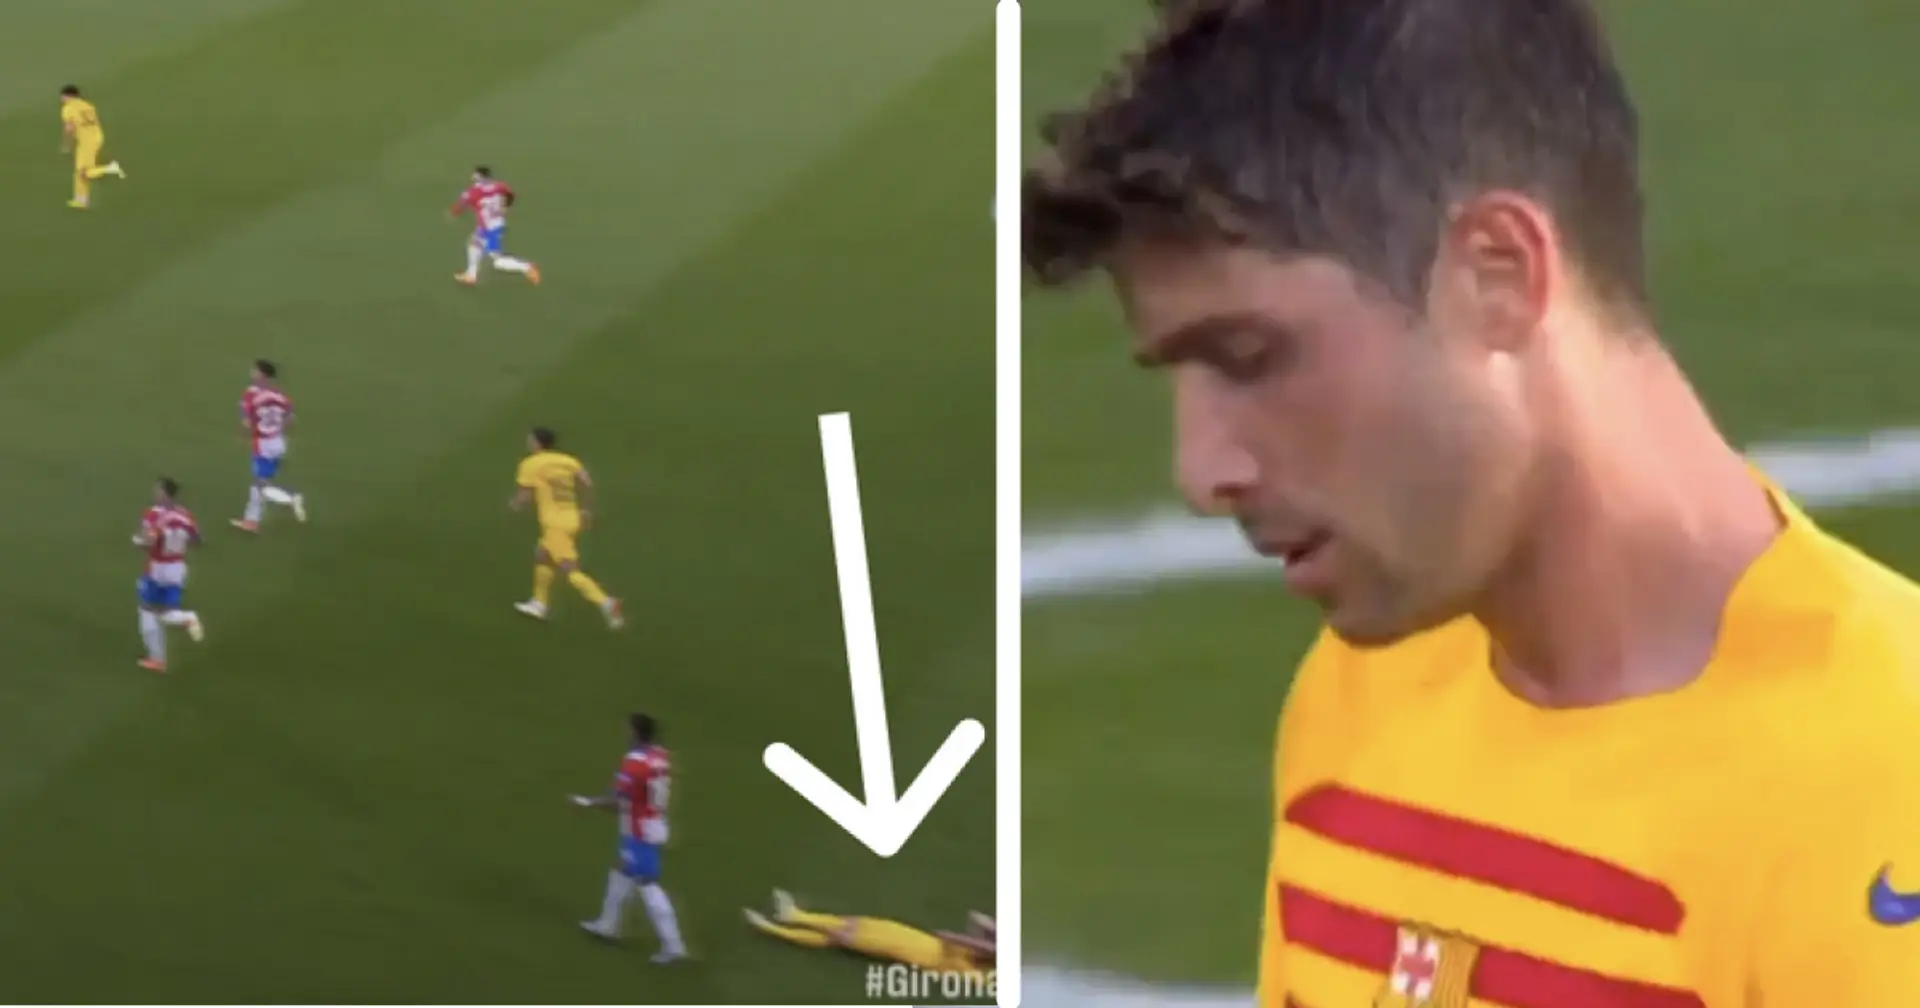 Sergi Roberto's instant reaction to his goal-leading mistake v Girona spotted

——

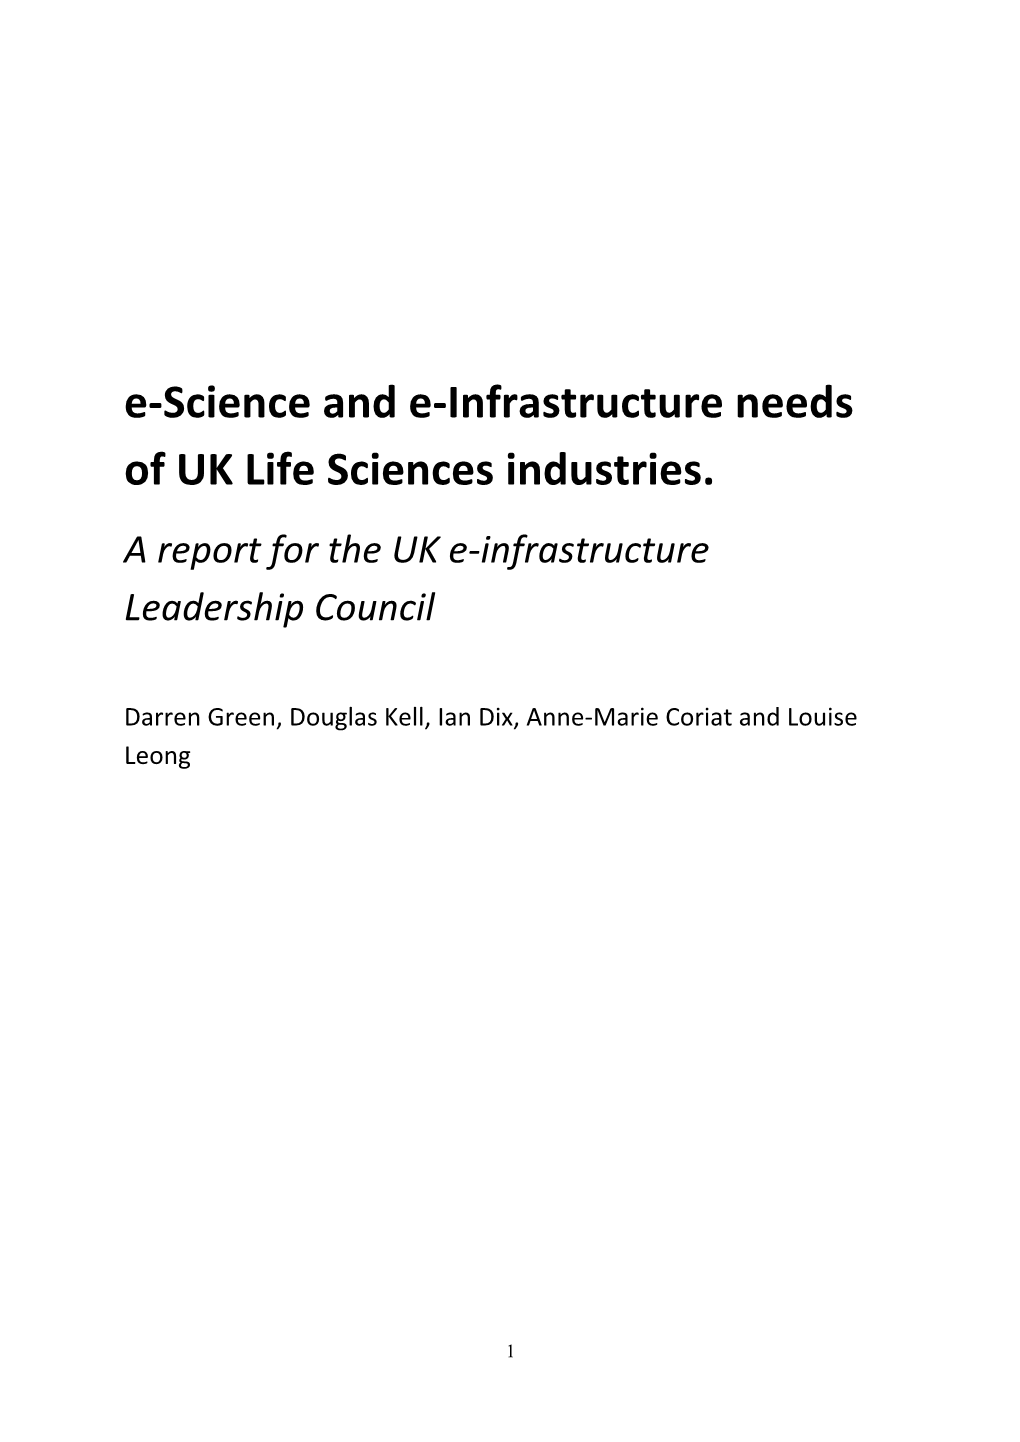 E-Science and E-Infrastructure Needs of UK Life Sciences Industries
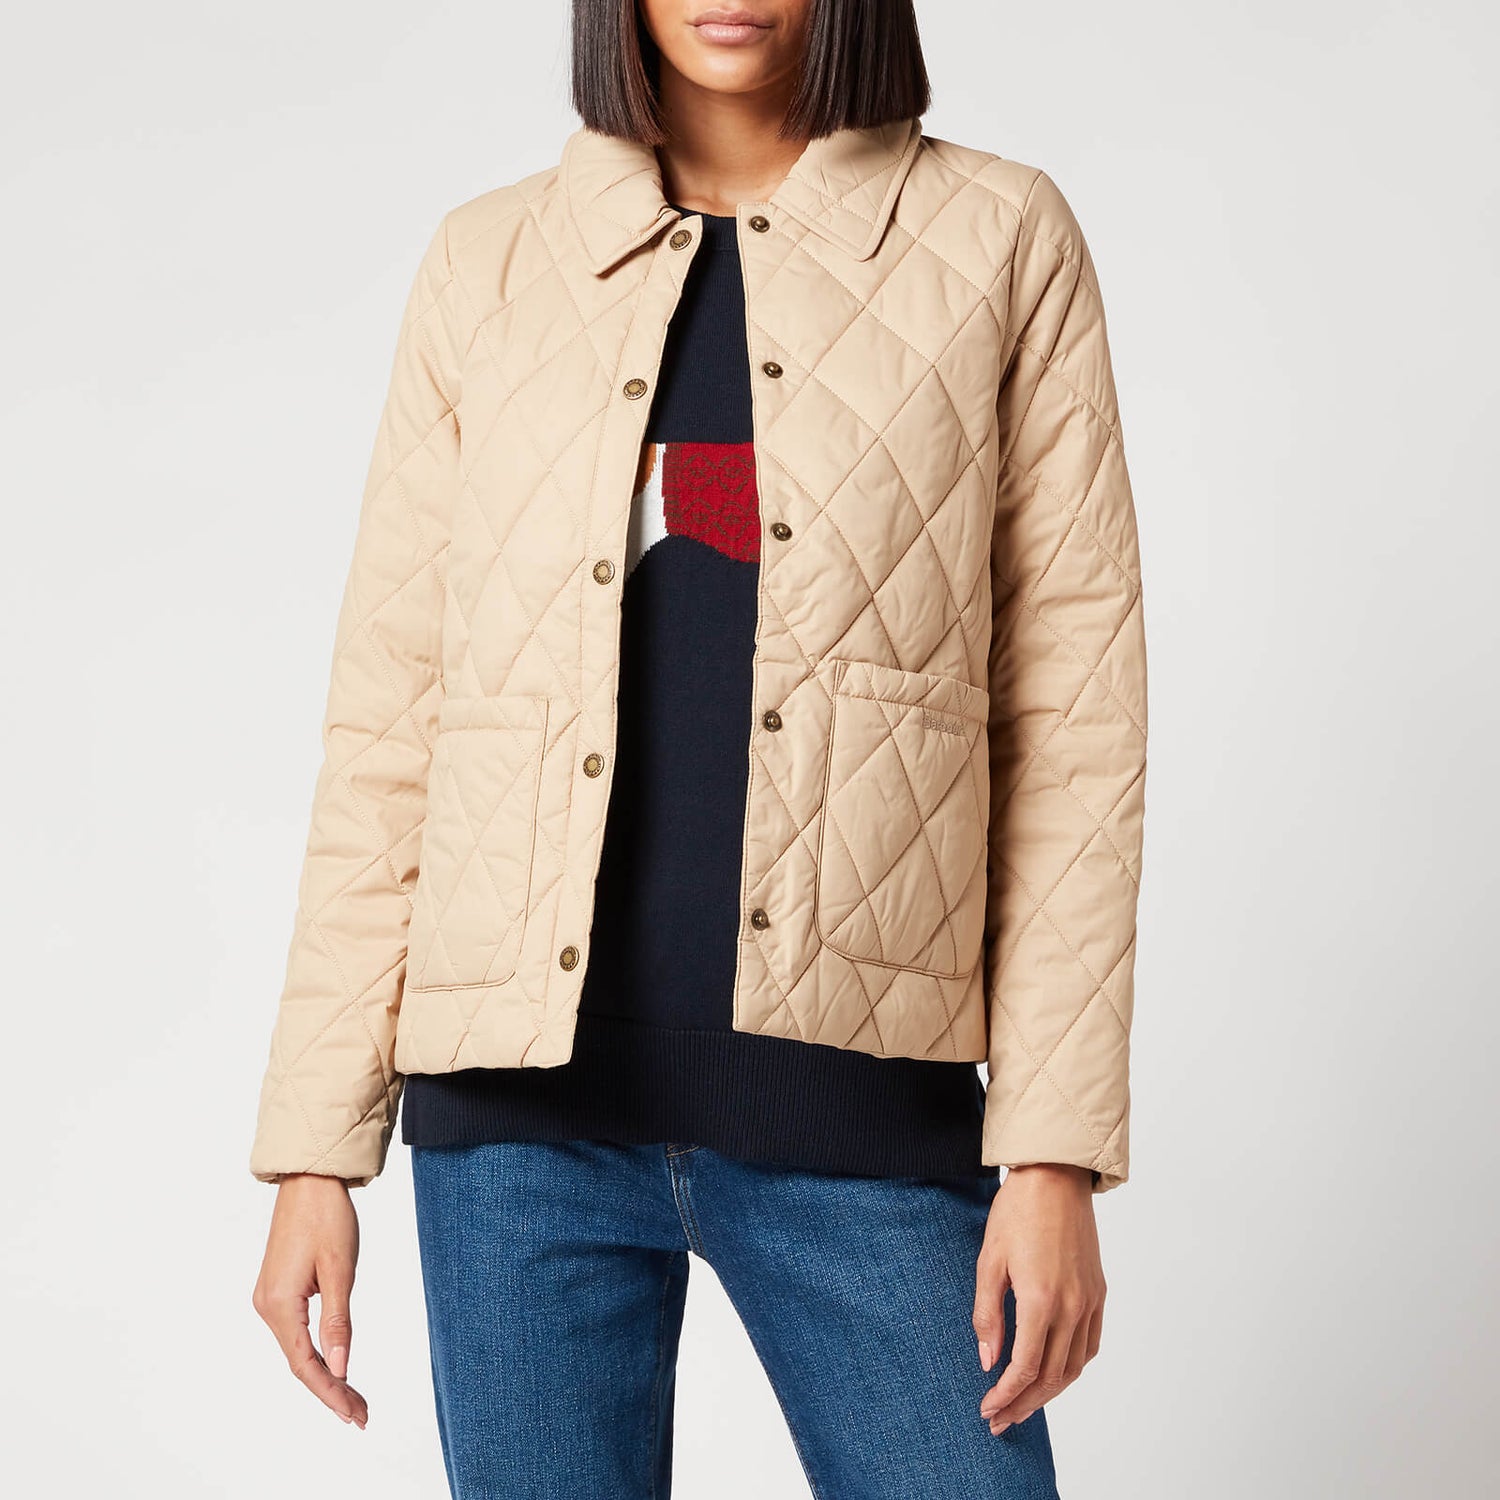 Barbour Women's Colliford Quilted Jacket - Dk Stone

——

Print an exact copy of the lines above, from the one containing "E-Science and E-Infrastructure" through the one containing "Barbour Women's Colliford", and leave out the pictures.

=== RESULT ===
 E-Science and E-Infrastructure Needs of UK Life Sciences Industries
 Barbour Women's Colliford Quilted Jacket - Dk Stone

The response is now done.